In the meanwhile, one thing is certain: Haber’s law “is often used in setting exposure guidelines for toxic substances,” as David Gaylor, a U.S. Food and Drug Administration (FDA) toxicologist, acknowledges.¹⁷ Indeed, it directly inspired the creation of one of the basic tools for the assessment and management of chemical risks: “lethal dose, 50%” or LD₅₀. Officially invented by the Briton John William Trevan in 1927, this indicator of toxicity measures the dose of a chemical substance necessary to kill half the animals—usually mice and rats—exposed to it, generally by inhalation, but also by ingestion, or cutaneous application. It is expressed as units of mass of the substance per unit of body mass of the test subject (mg/kg). An example: if a pesticide has an LD₅₀ of 40 mg/kg, then 3,200 mg (3.2 g) is calculated to kill half the humans who weigh 80 kg.
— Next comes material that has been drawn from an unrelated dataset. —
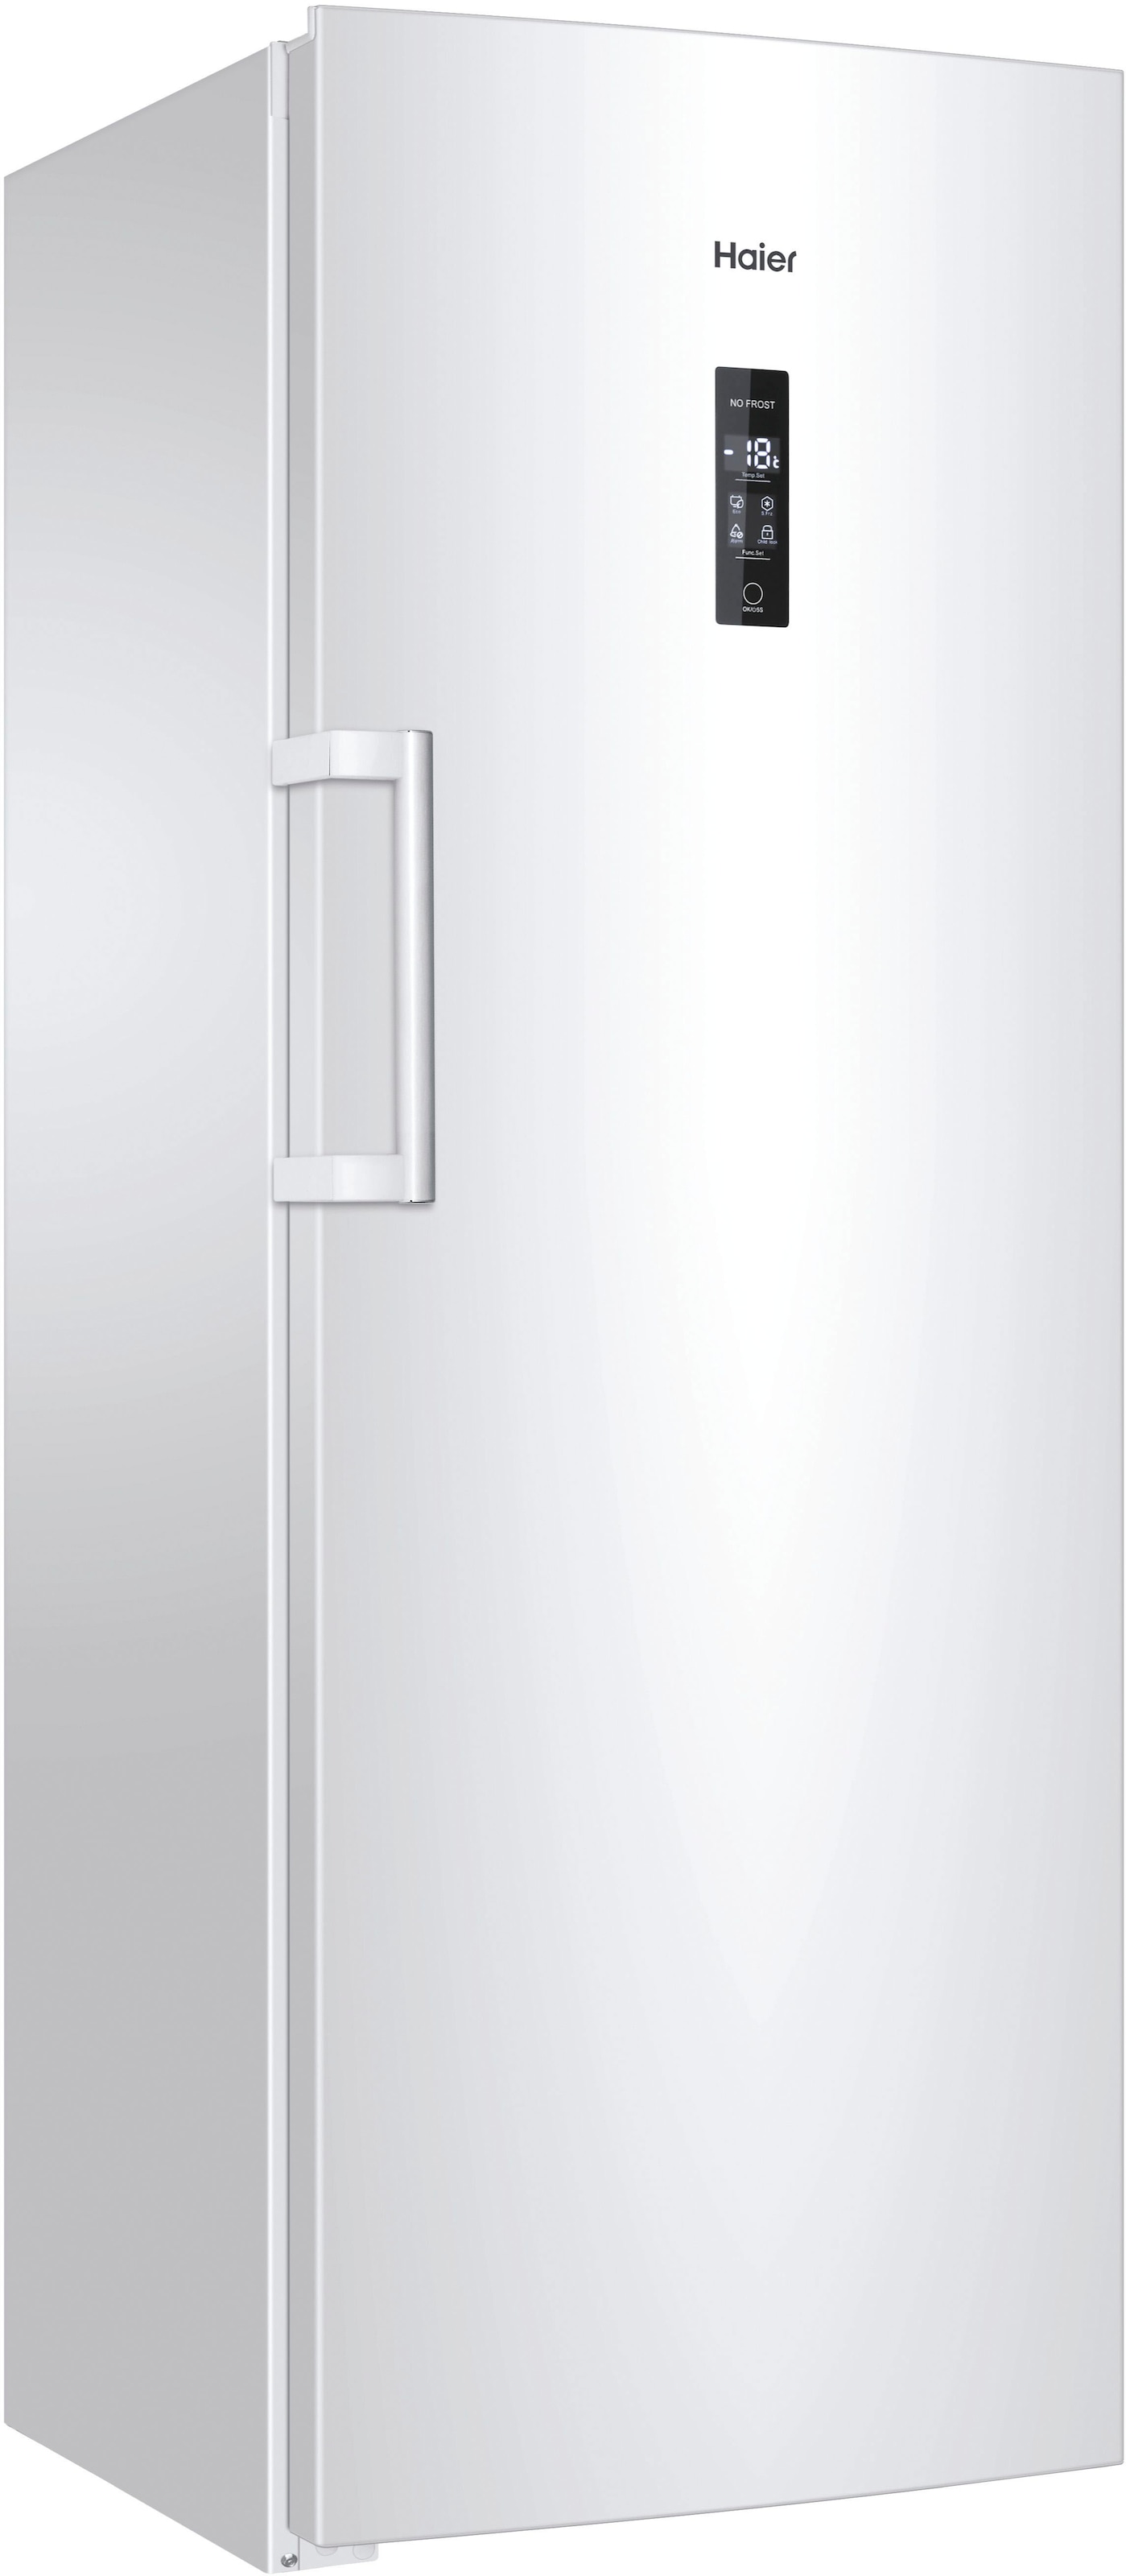 Haier Gefrierschrank »H2F-220WSAA«, 168 cm hoch, 60 cm breit
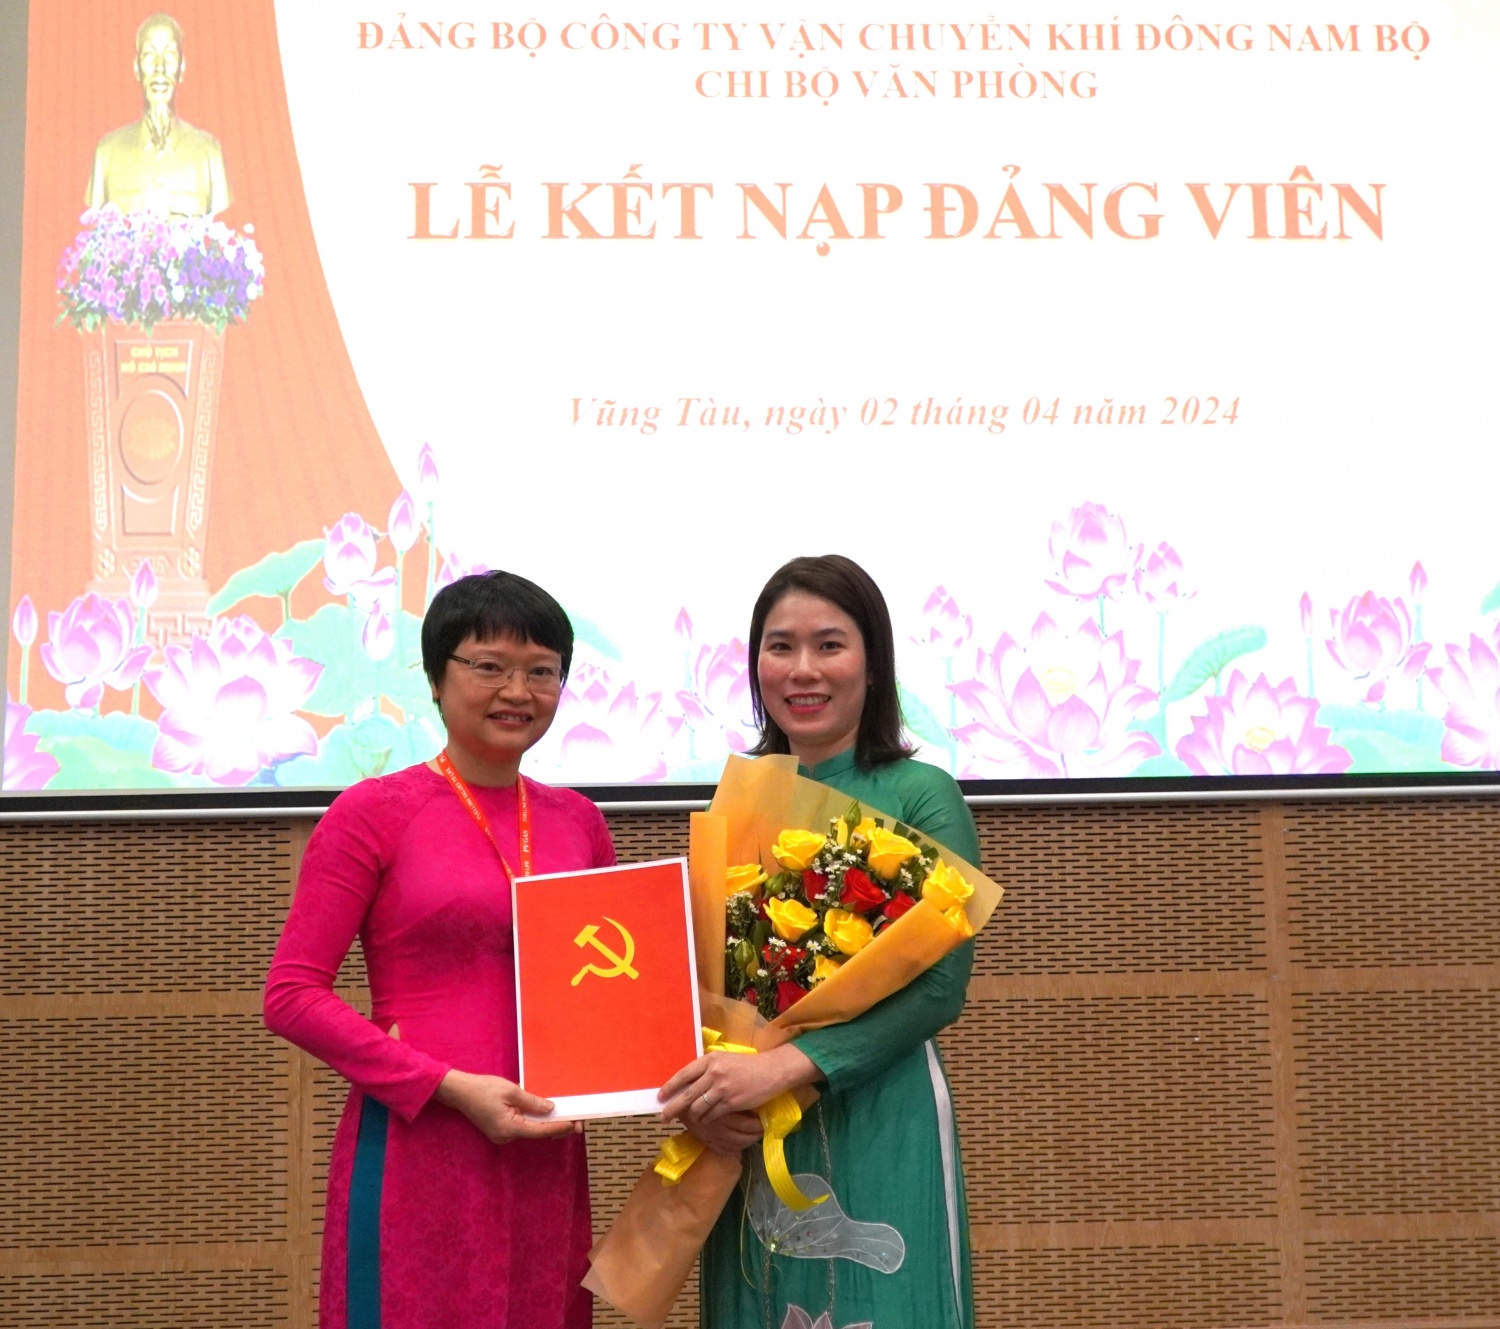 Đồng chí Nguyễn Thị Thanh Hà trao Quyết định kết nạp đảng viên và tặng hoa chúc mừng đồng chí Nguyễn Khánh Vân

According to a World Health Organization (WHO) document, it is estimated that a chemical product with an LD₅₀ lower than 5 mg/kg of body weight (solids) or lower than 20 mg/kg (liquids) can be considered “extremely hazardous.” It is “slightly hazardous” if its LD₅₀ is over 500 and 2,000 mg/kg respectively.18 As examples, the LD₅₀ of vitamin C is 11,900 mg/kg, of table salt 3,000 mg/kg, cyanide from 0.5 to 3 mg/kg, and dioxin 0.02 mg/kg (0.001 for a dog).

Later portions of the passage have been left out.